→ Your task:
Starting at the first line of the listing below, repeat each line exactly until you have repeated the one containing "If you’re looking"; skip the pictures.

→ Data block:

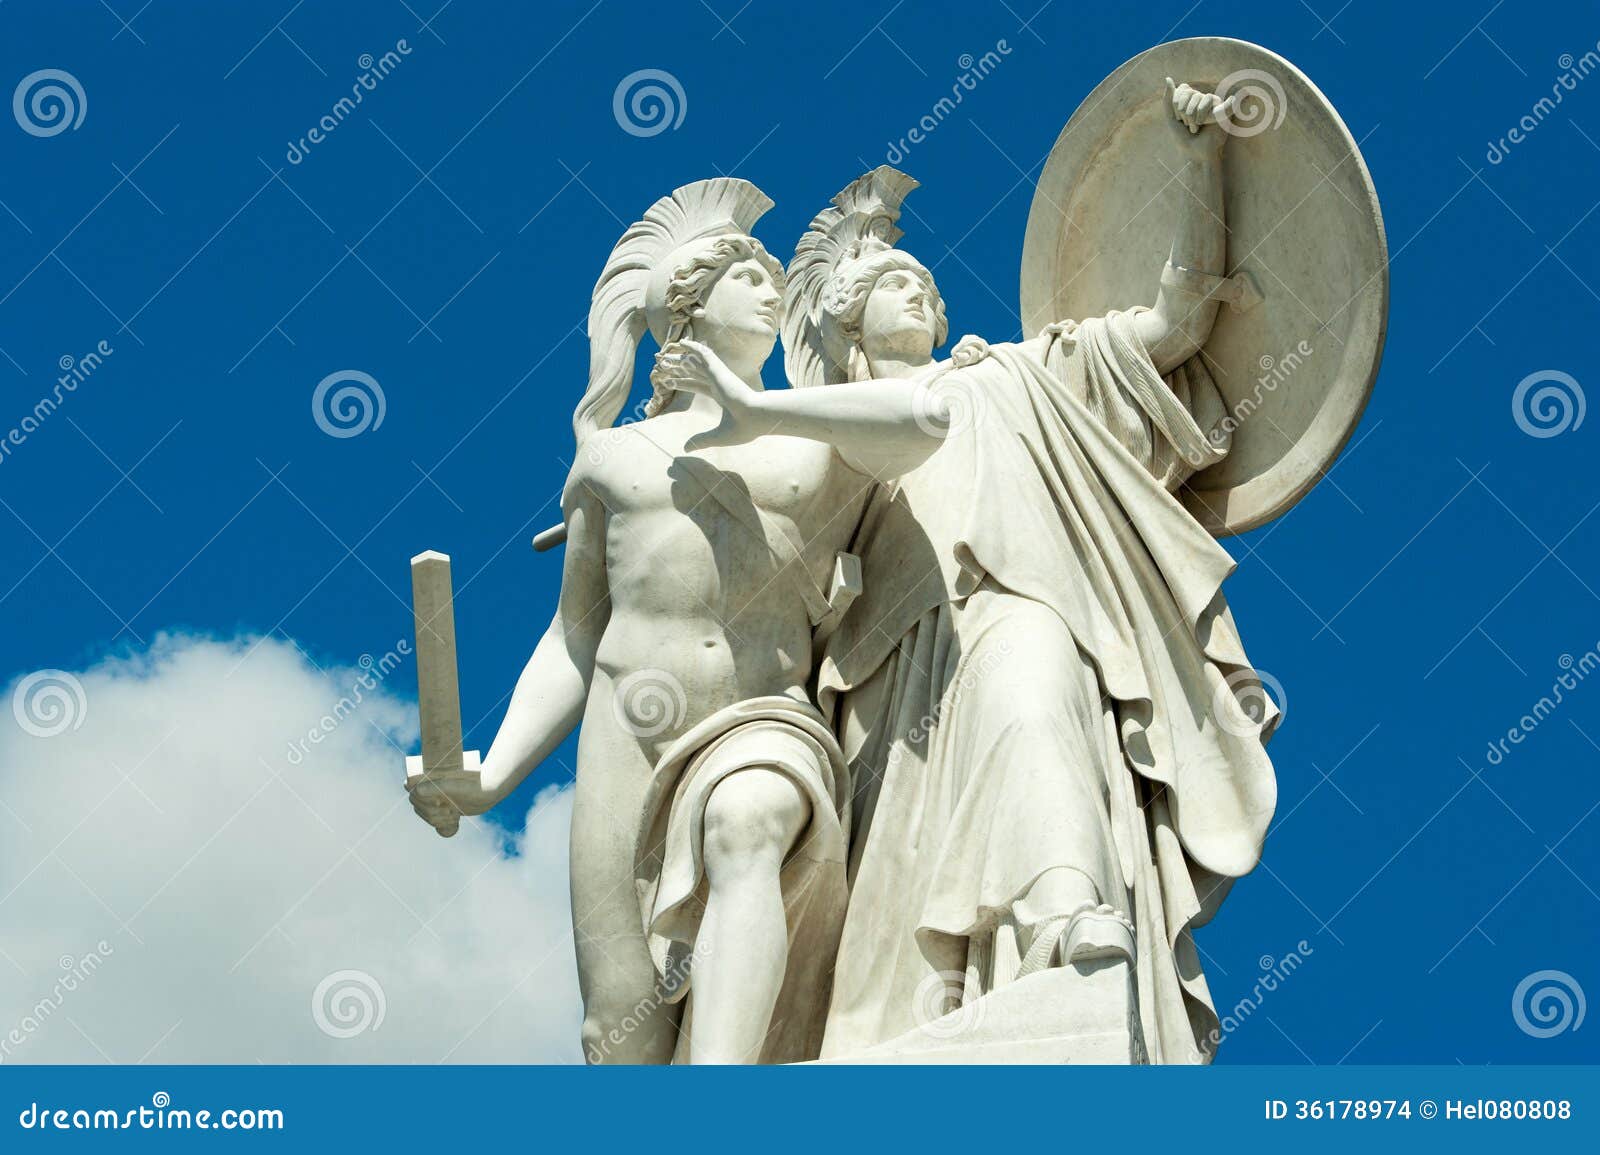 classical sculptures in berlin - athena protects the young hero. carrara marble sculpture by gustav blaeser 1854,
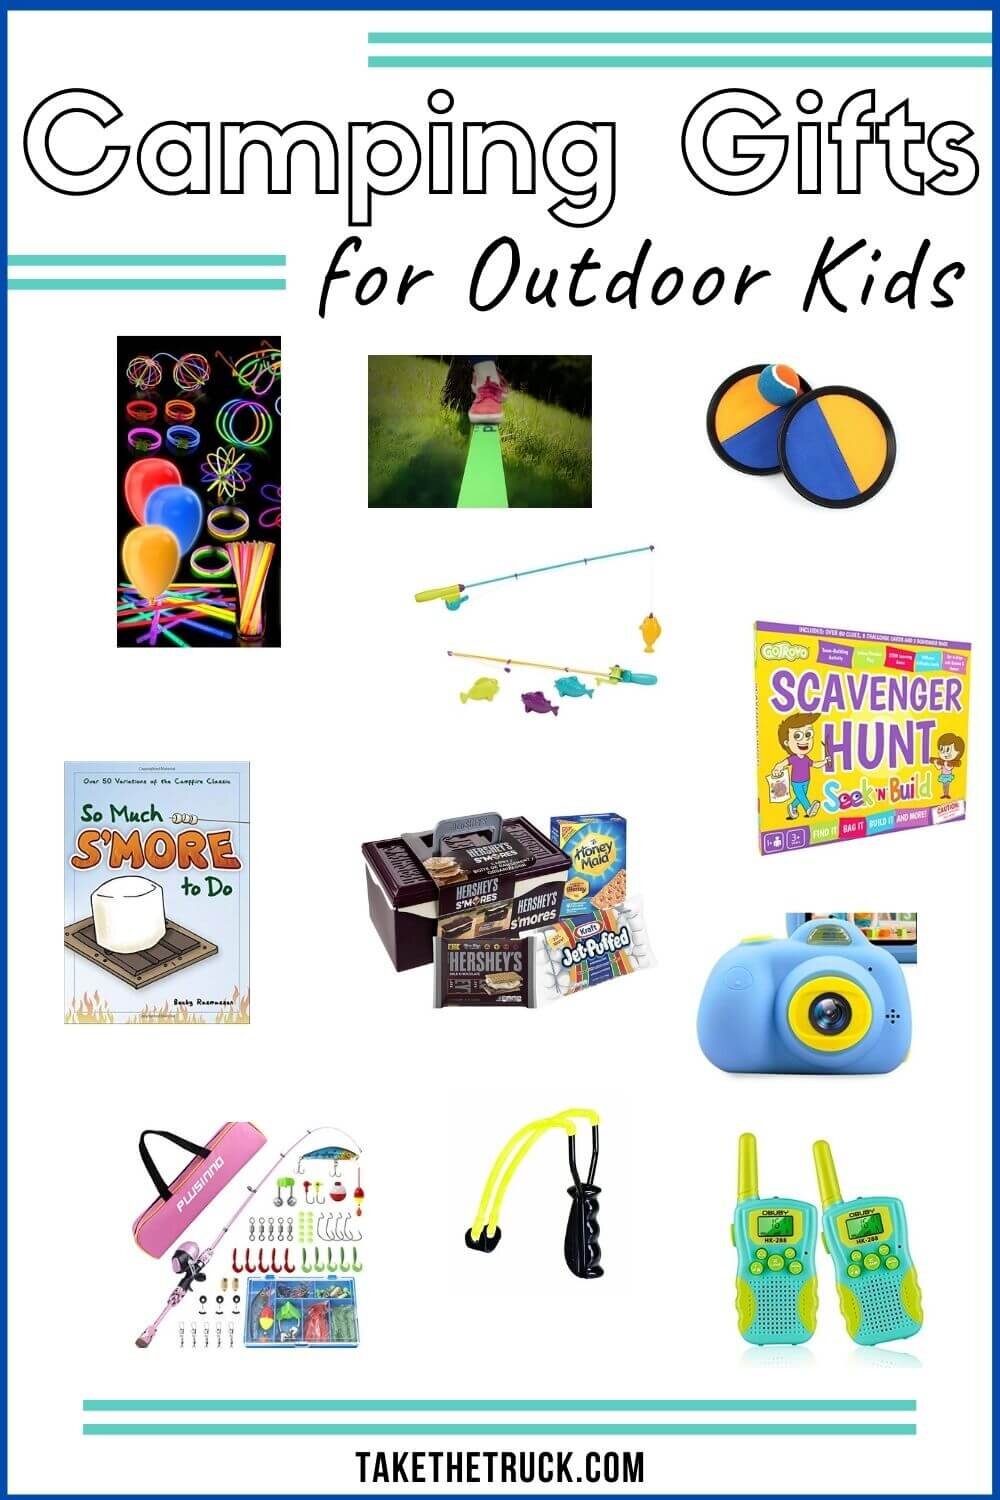 If you’re looking for camping birthday presents for kids, outdoor gifts for kids, or even camping Christmas presents for kids, read this! 17 fun gift ideas for outdoorsy children!
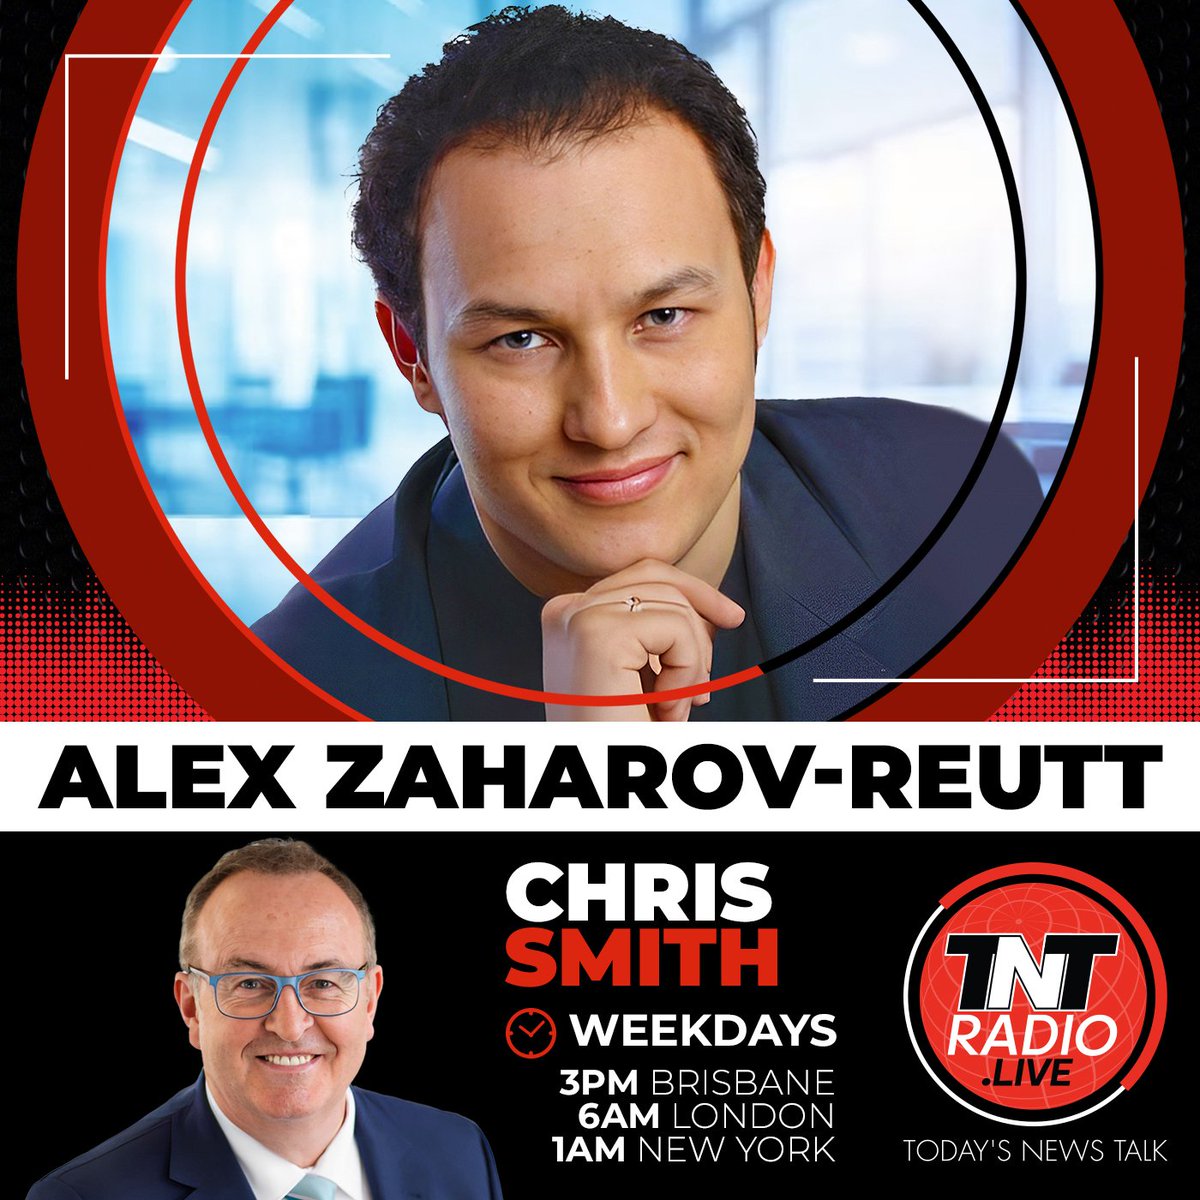 Coming up @alexonline888 on the biggest #technology & #CYBER news in the world! @tntradiolive
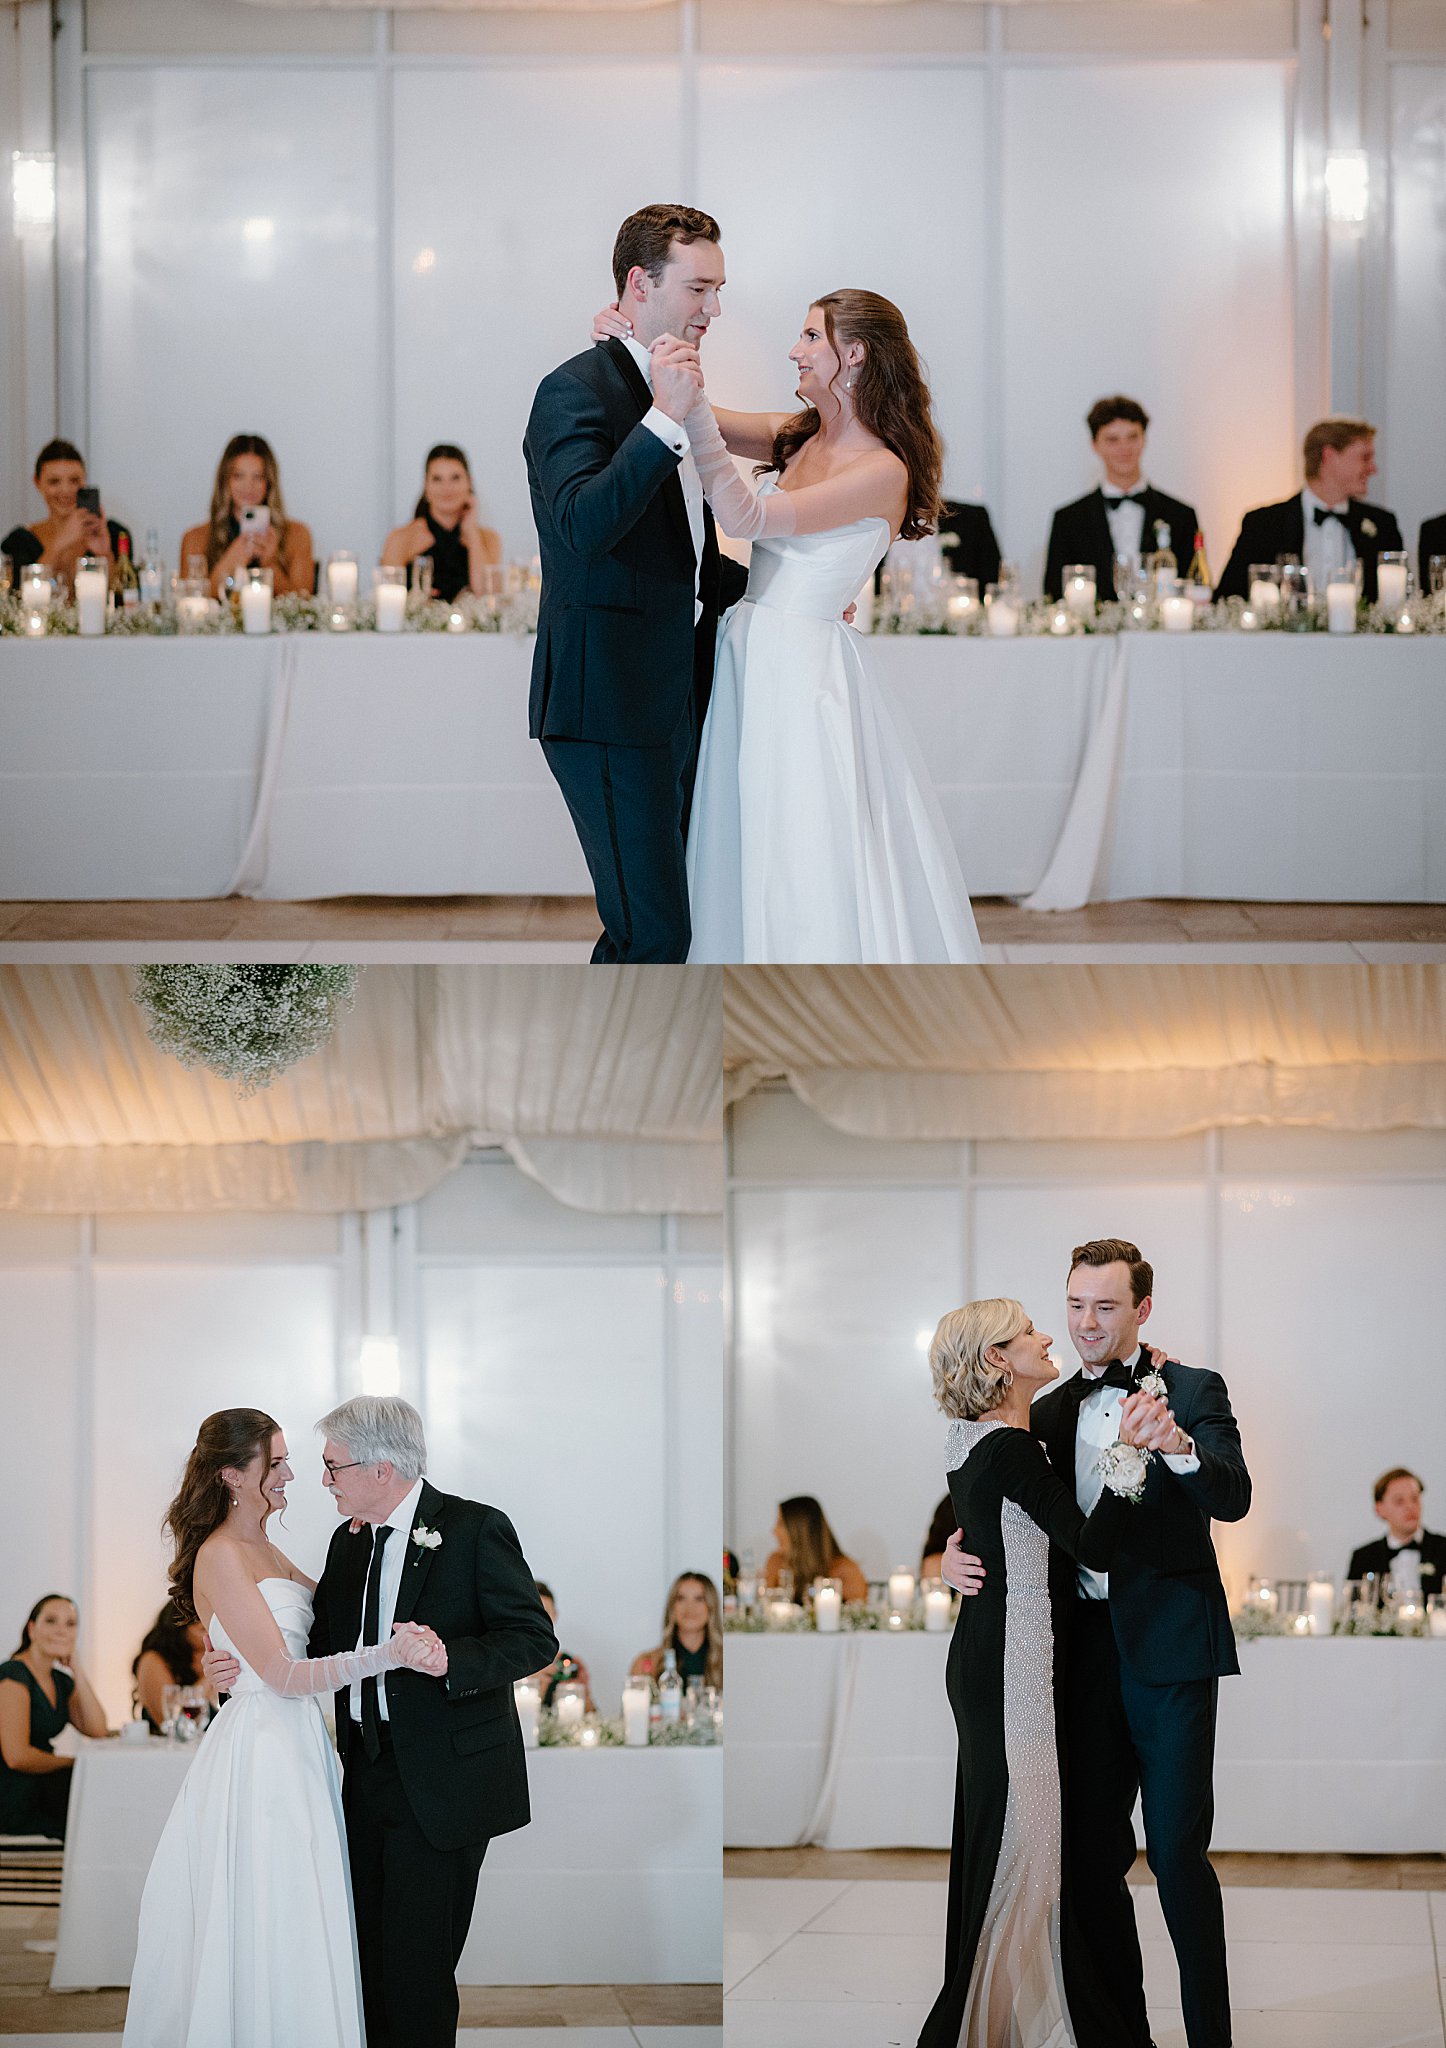 newlyweds share first dance at Galleria Marchetti Reception

→ Solved problem:
 classical sculptures in berlin - athena protects the young hero. carrara marble sculpture by gustav blaeser 1854,
 If you’re looking for camping birthday presents for kids, outdoor gifts for kids, or even camping Christmas presents for kids, read this! 17 fun gift ideas for outdoorsy children!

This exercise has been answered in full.